An analysis of clinical trials underscores the prominence of Gallium-68 (⁶⁸Ga) and Fluorine-18 (¹⁸F) in diagnostic applications, reflecting their widespread use in PET imaging due to favorable half-lives and positron emission properties. In therapeutic applications, Actinium-225 (²²⁵Ac) leads, known for its alpha-emitting properties ideal for targeted radiotherapy. Radionuclides like Copper-64 (⁶⁴Cu) and Lead-212 (²¹²Pb) show dual-use potential, supporting the growing theranostic paradigm that integrates imaging and therapy.
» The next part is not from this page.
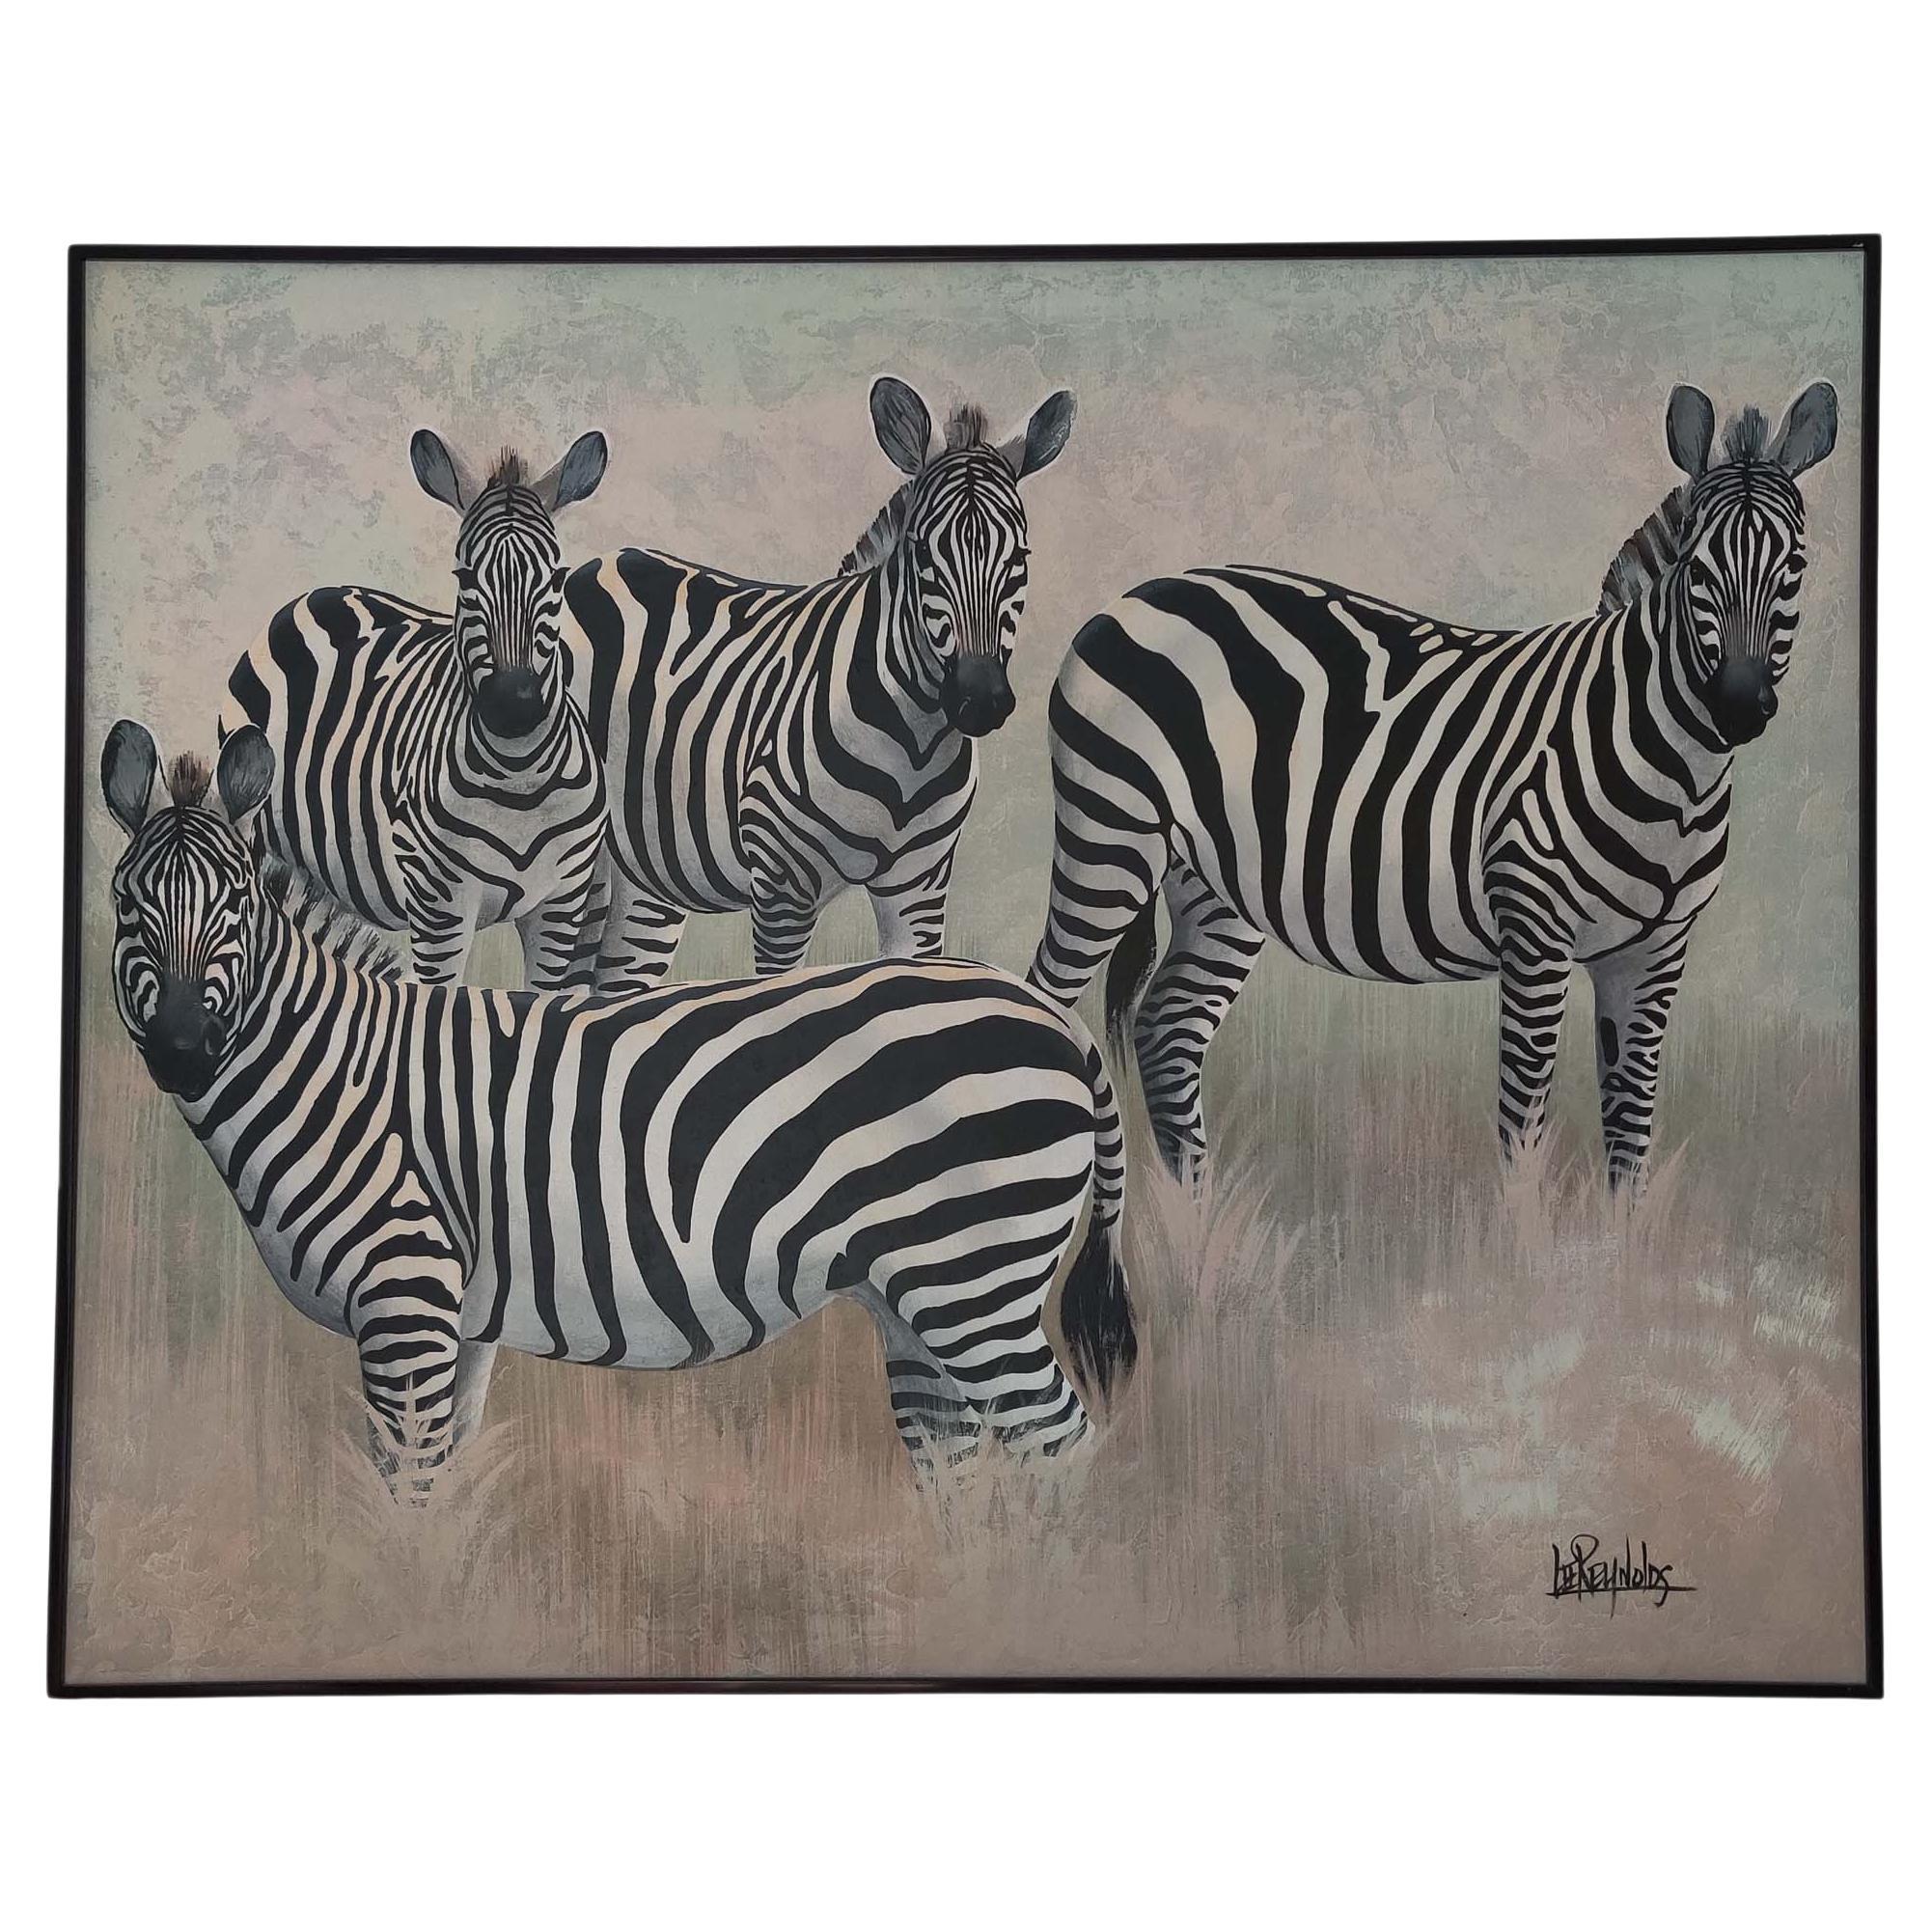 Vintage 1980s Lee Reynolds Oil on Canvas Painting Depicting "A Zeal of Zebras" For Sale

Moving nuclear medicine from concept to the clinic
Bringing nuclear medicine into clinical practice faces several challenges, particularly its high cost and the limited availability of medical isotopes. There is also a lack of trained nuclear medicine professionals and radiopharmacists, as well as infrastructure limitations that restrict access to advanced imaging and therapy. This is most pronounced in lower-income countries.
Expanding stocks of isotopes, growing the workforce, and enhancing access to care are all long-term issues that will take dedicated resources to address. However, the future could be promising given the level of investment and projected growth in this field.
The nuclear medicine sector experienced remarkable growth in 2024, driven by a surge in capital investment and strategic consolidation. According to PitchBook, total investment in the field soared to $14.86 billion, more than tripling the amount invested in 2023. This momentum was further amplified by a wave of high-profile acquisitions as major pharmaceutical companies moved swiftly strengthened their positions in the expanding market, such as AstraZeneca’s $2.4 billion acquisition of Fusion Pharmaceuticals to advance targeted alpha therapies.
Hurdles remain to the wider application of theranostics and nuclear medicine, but more innovations are bringing us ever closer to “see it, treat it” with cancer and other debilitating diseases.